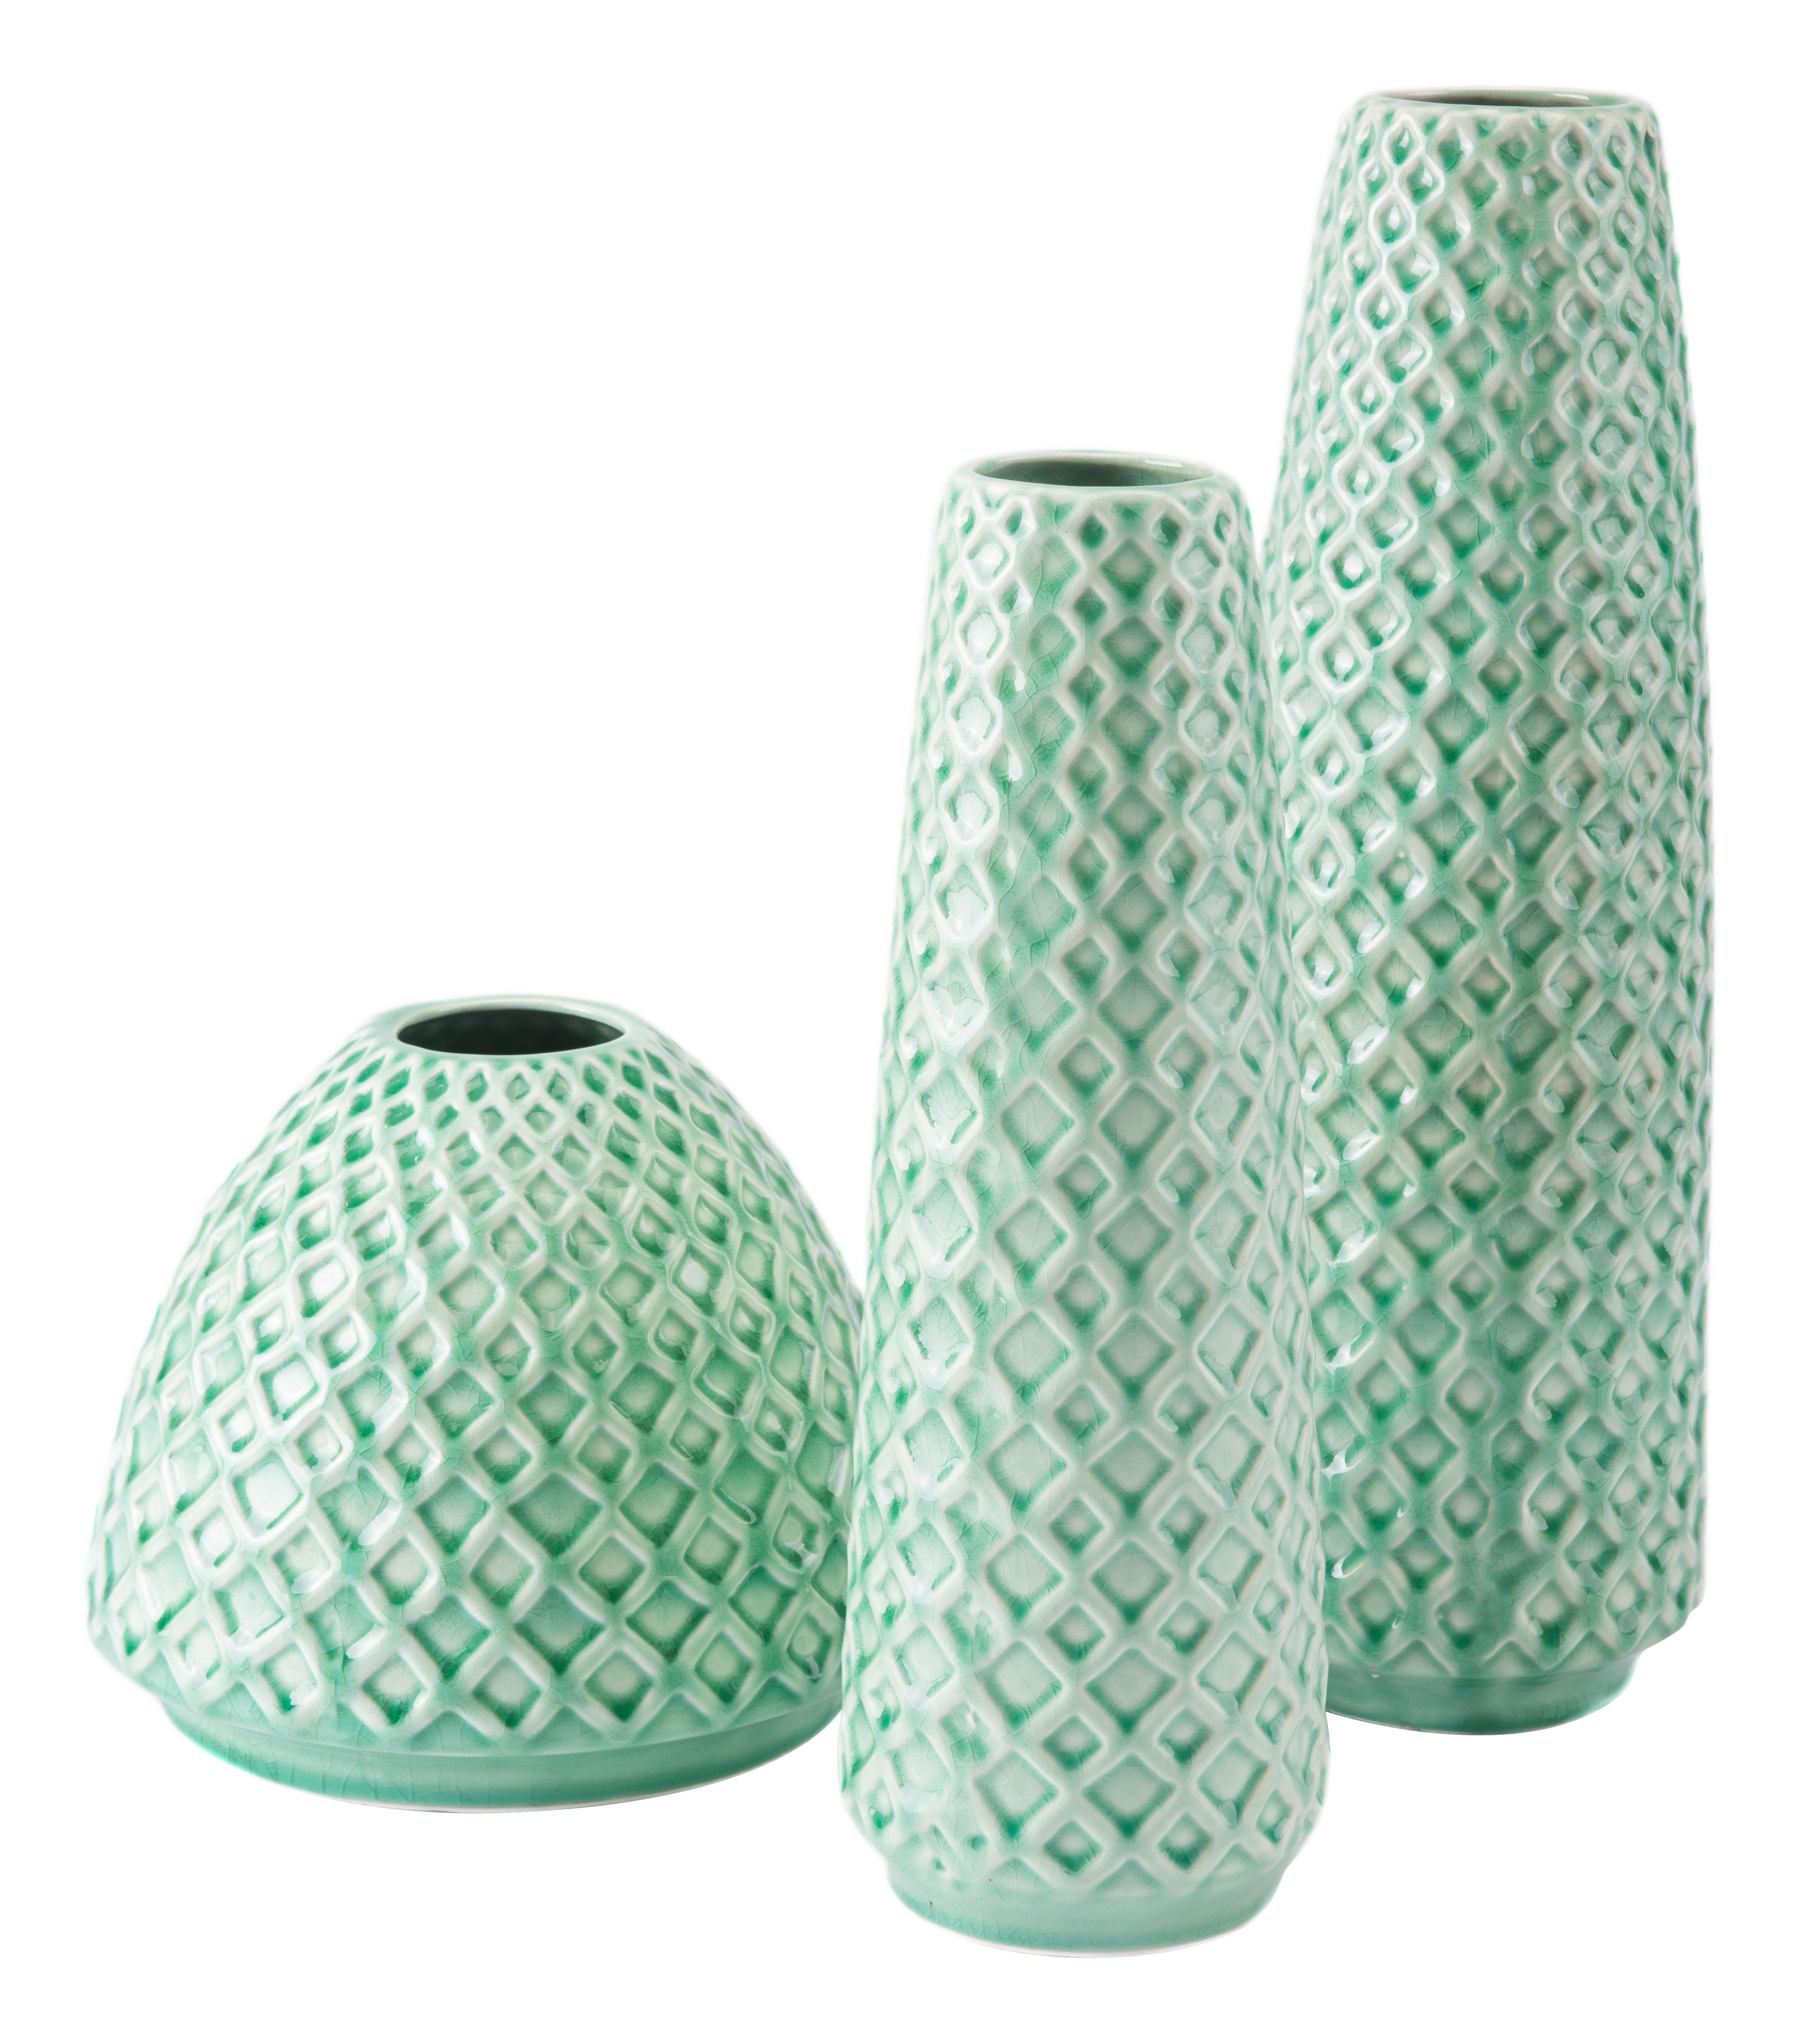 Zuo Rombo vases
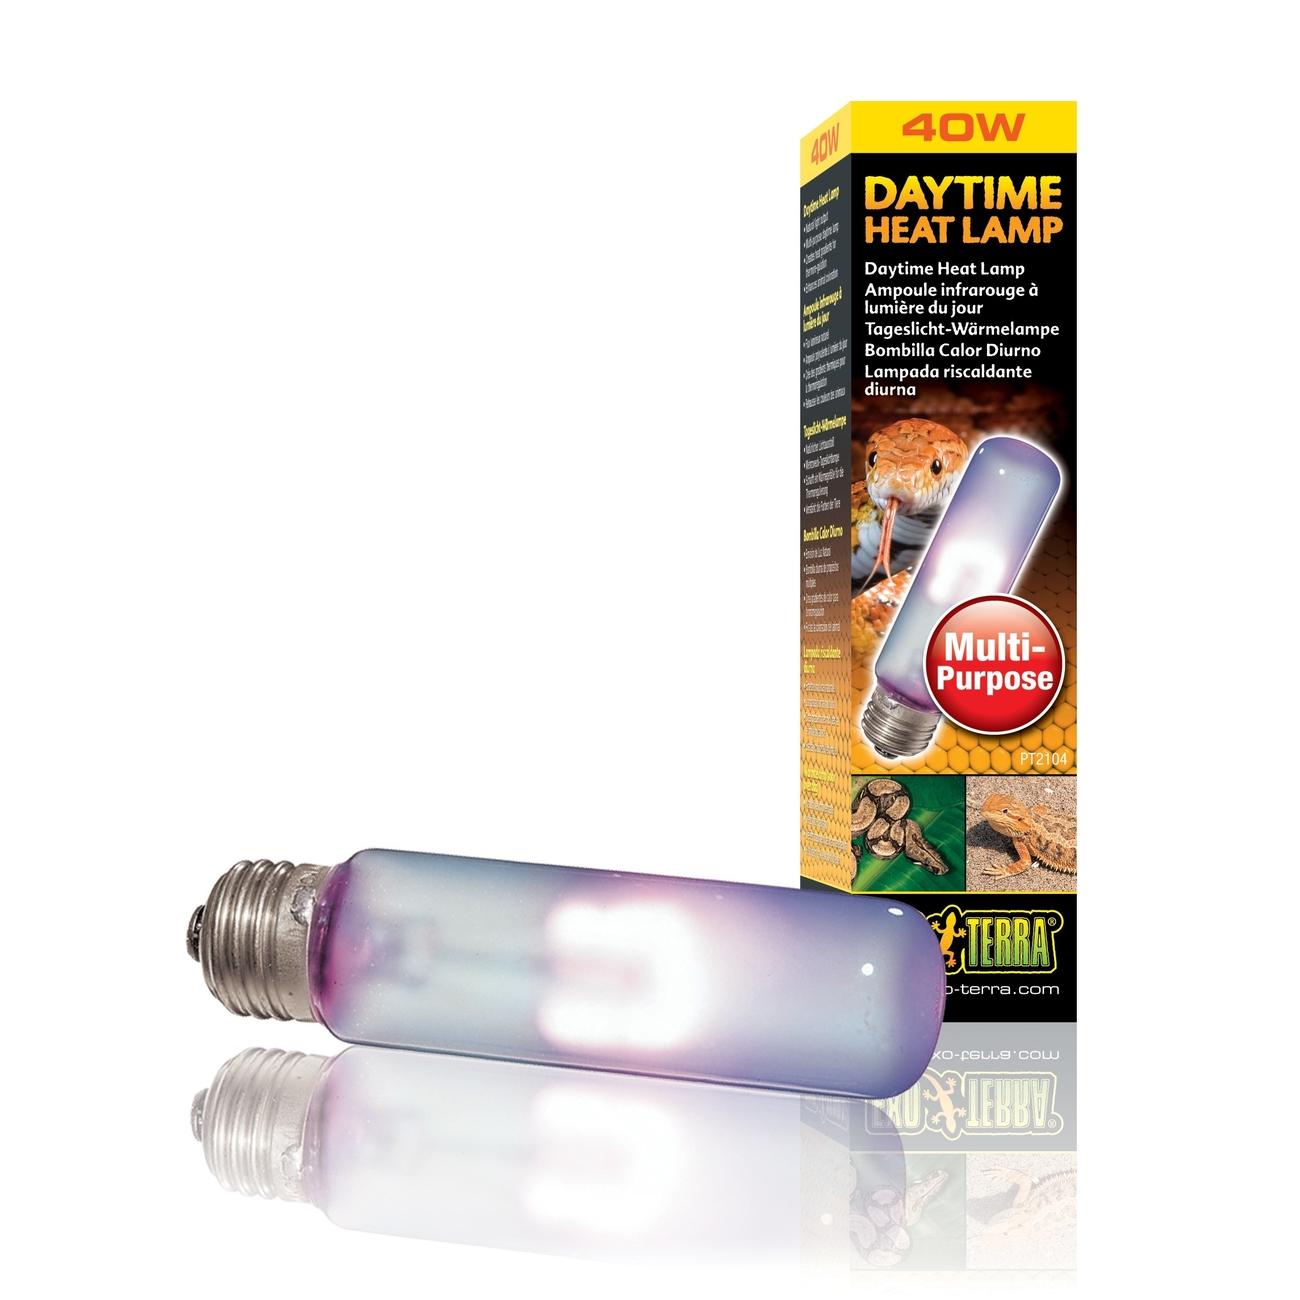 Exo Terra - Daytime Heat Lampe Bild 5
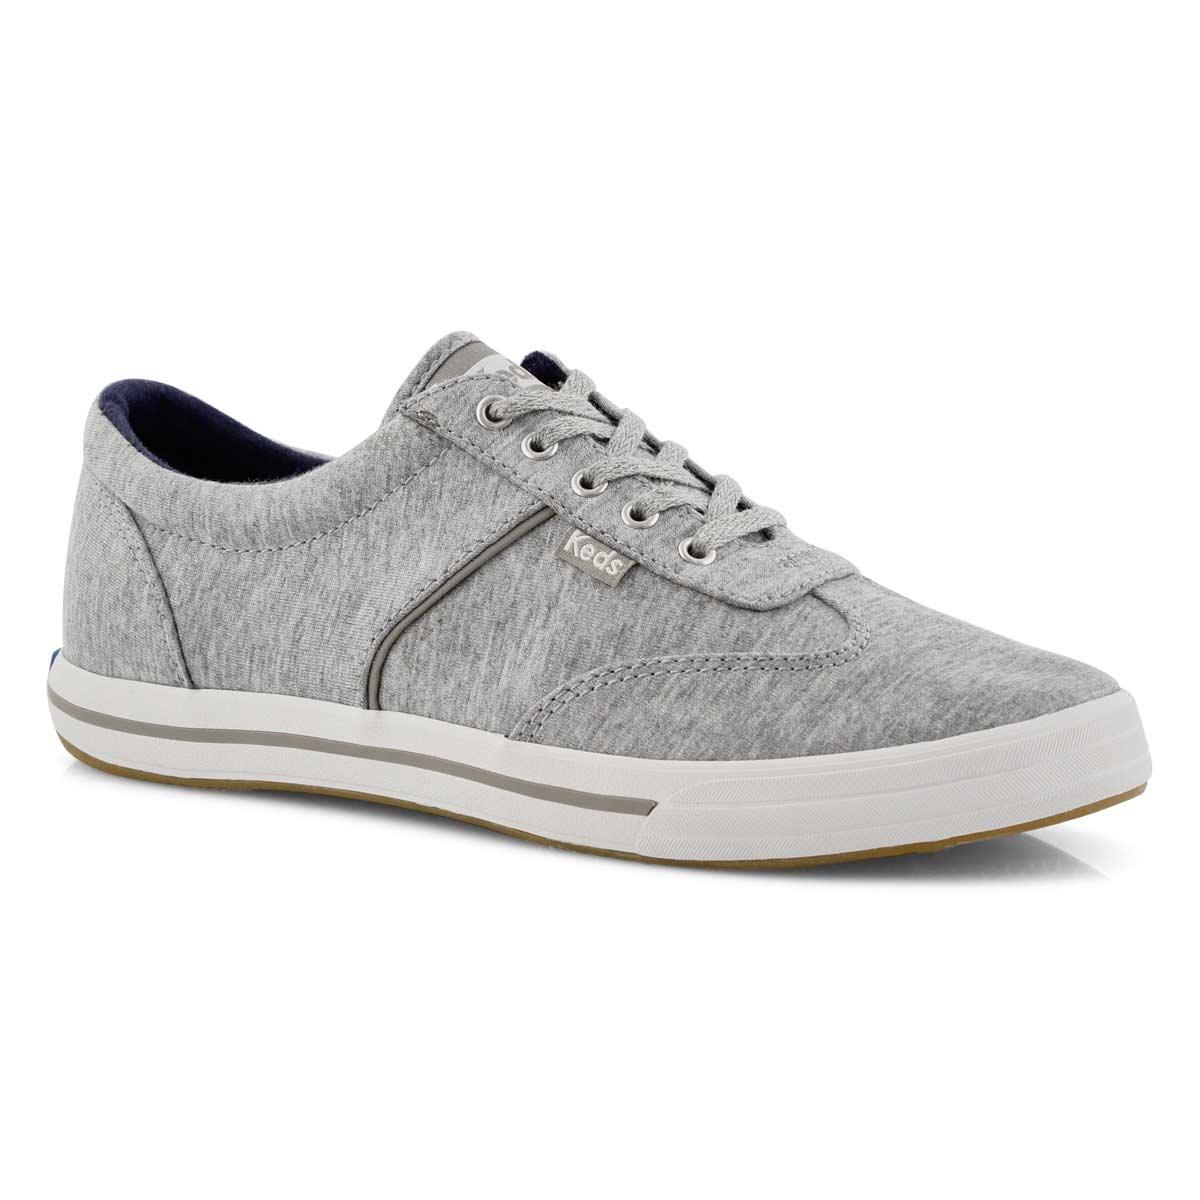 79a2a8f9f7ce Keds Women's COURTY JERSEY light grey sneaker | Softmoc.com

#### TASK TO CARRY OUT
The listing must be repeated word for word, and none of its pictures may appear in the copy.

#### SOLUTION TO THIS TASK
 Zuo Rombo vases
 Exo Terra - Daytime Heat Lampe Bild 5
 79a2a8f9f7ce Keds Women's COURTY JERSEY light grey sneaker | Softmoc.com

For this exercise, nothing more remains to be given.